Even those donning Boston Red Sox uniforms have great admiration for New York Yankees shortstop Derek Jeter.
Jeter announced Wednesday that he plans to retire after the 2014 season. The news kicked off a lovefest in which everyone and their grandmother praised the Yankees captain, and Red Sox players in Fort Myers, Fla., were no different Thursday.
“He’s as down to earth as it gets,” Red Sox pitcher Clay Buchholz told ESPN.com’s Gordon Edes. “For someone to be captain of that team and that franchise for as long as he was there, and being able to keep everything on an even keel and do everything as a professional, it’s something that’s pretty special.
“He was always really personable to me. That’s something I’ll never forget.’’
Buchholz also acknowledged Thursday that he grew up “idolizing” Jeter, and Red Sox outfielder Daniel Nava recalled a time in 2010 when the Yankees shortstop congratulated him for reaching the majors. First baseman Mike Napoli said he believes Jeter is the perfect player for every rookie to emulate upon reaching The Show.
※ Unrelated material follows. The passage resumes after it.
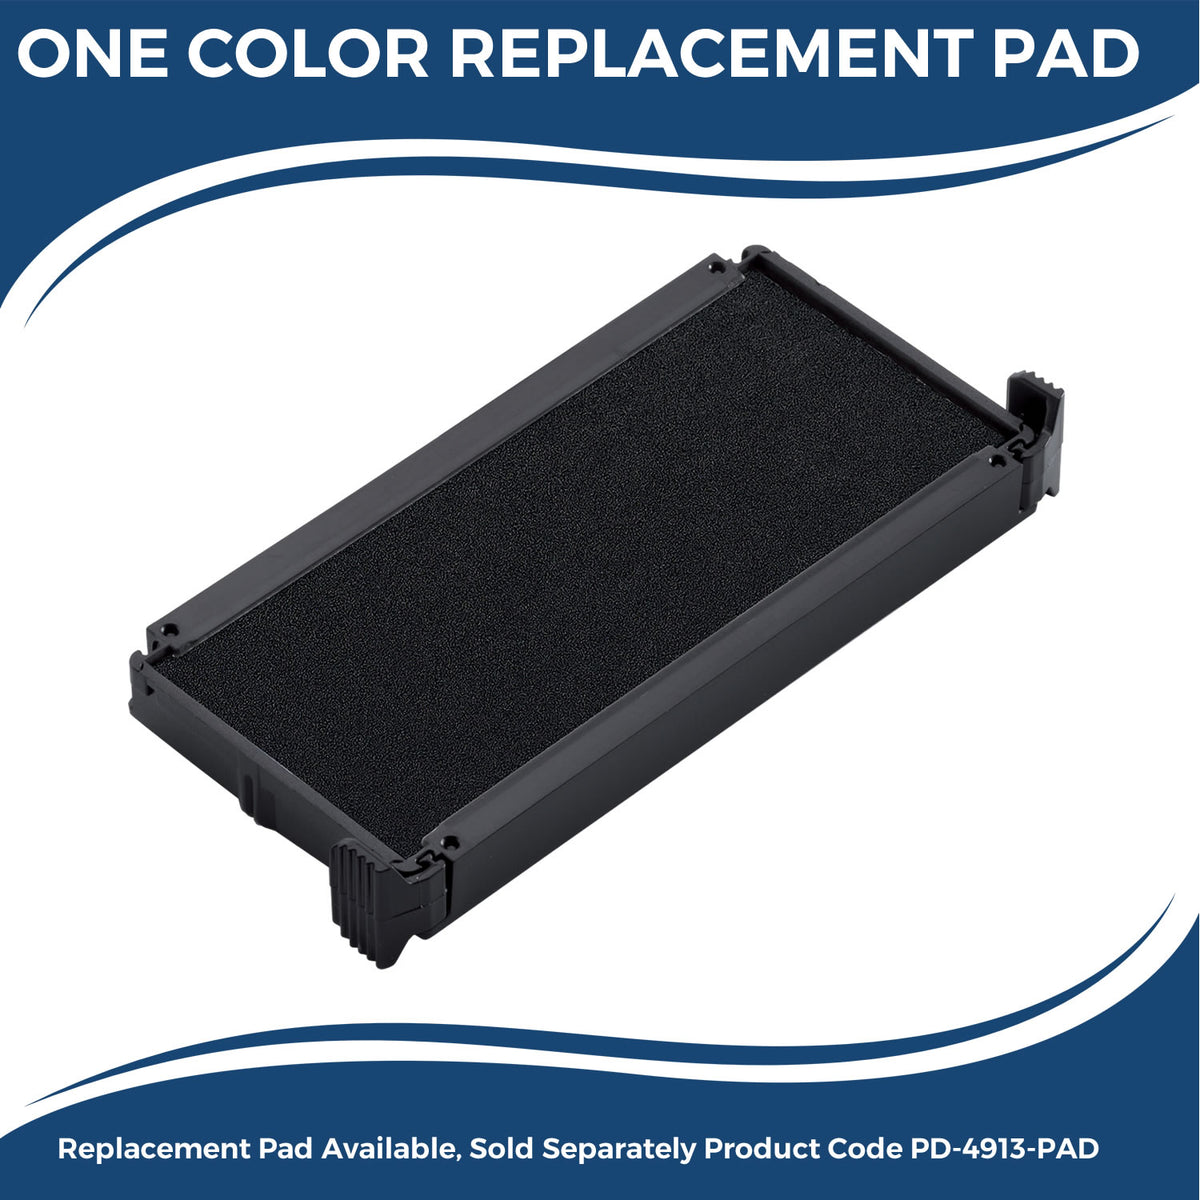 Large Self-Inking Special Stamp 5572S Large Replacment Pad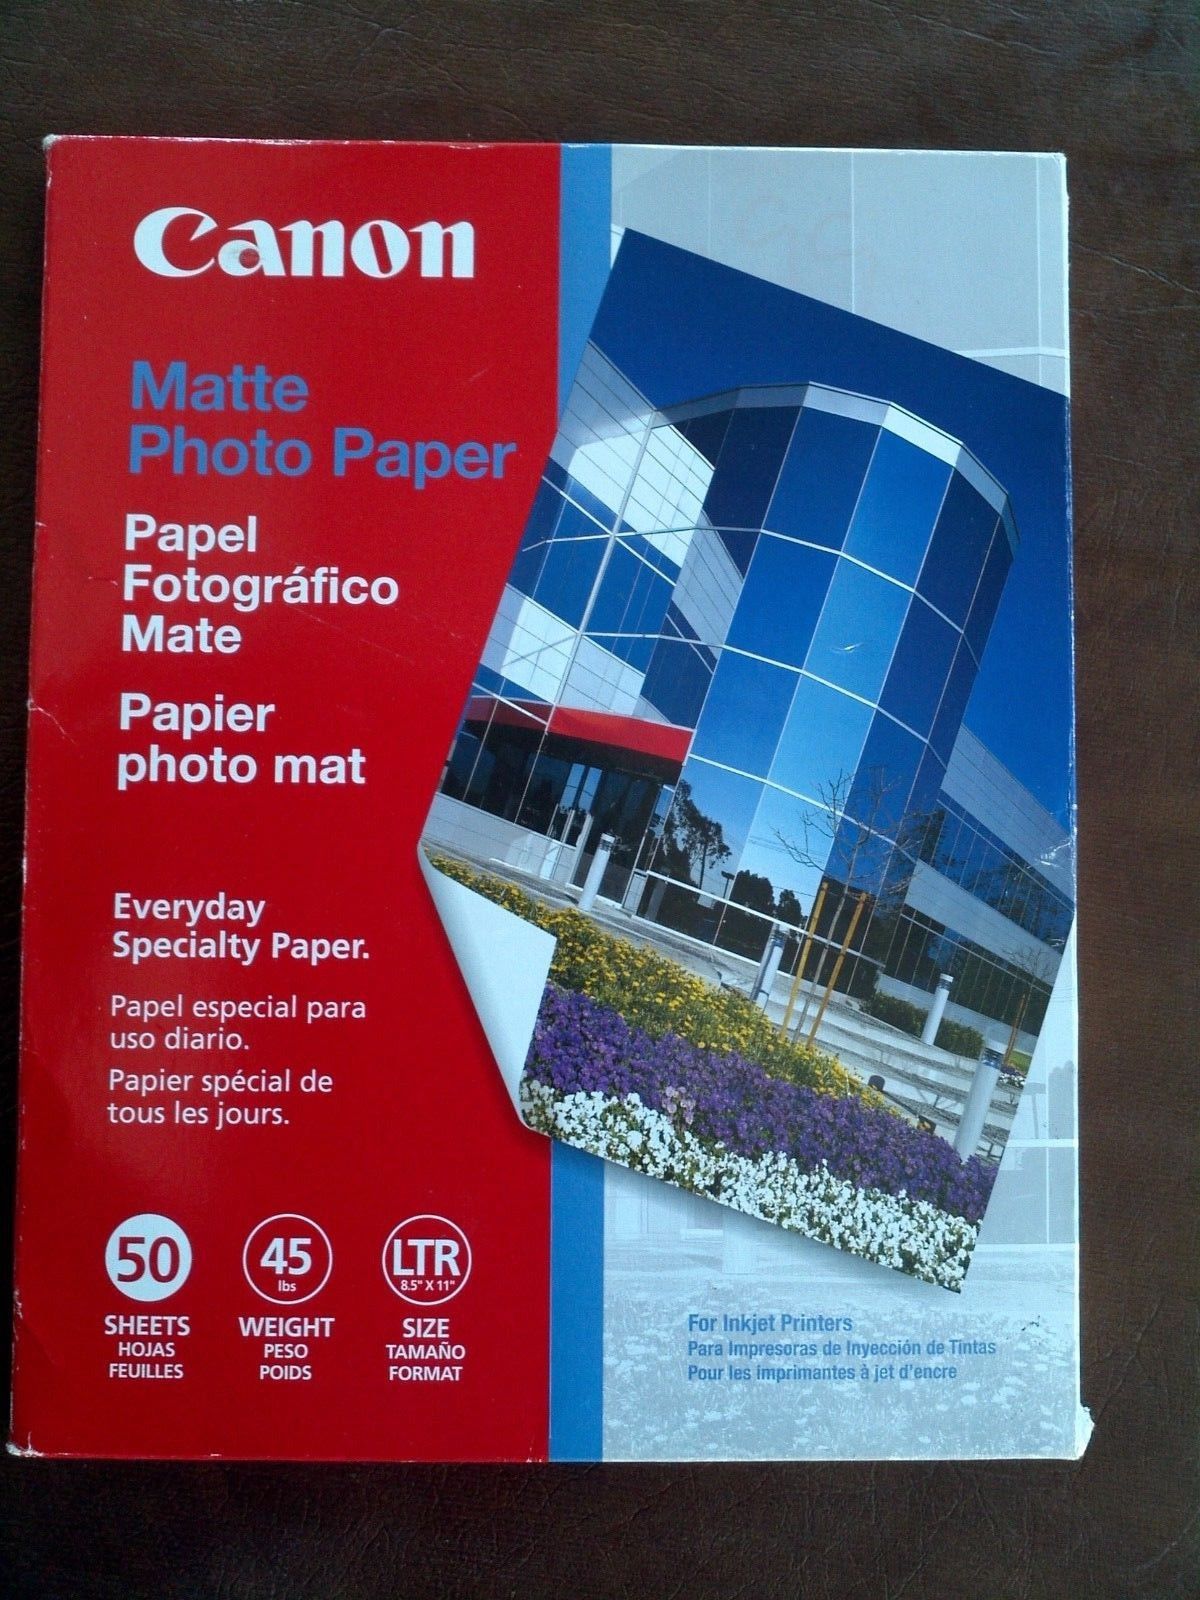 Primary image for K462S Canon Photo Paper 50 Sheets 8.5x11" Matte 8.5 Mil 45Lbs Inkjet Printers

“Just the way he went about his business,” Napoli told Edes. “He played for a big-market team, won five championships, came to the park every day and everything he did seemed to be the right way. The way he handled himself, the way he worked, a leader — sad to see him go.”
The Red Sox’s praise is unsurprising given the legacy that Jeter has carved out over his last 19 years in pinstripes. As Buchholz put it Thursday, there doesn’t appear to be anyone in baseball with a bad thing to say about Jeter.
“I figure it’s going to be pretty special,” Buchholz said of Jeter’s upcoming farewell tour. “I don’t think there was anyone in the game who disliked him. He’ll get the best of everything in every park, which is what he deserves, for the numbers he put up.
“He said he knows what he’s doing, this is the right decision for him. I wish the best of luck to him.”
Jeter will walk away from the game with at least five World Series rings and 13 All-Star selections. But perhaps more importantly, he’ll leave having garnered the respect of those he played with and those who played against him.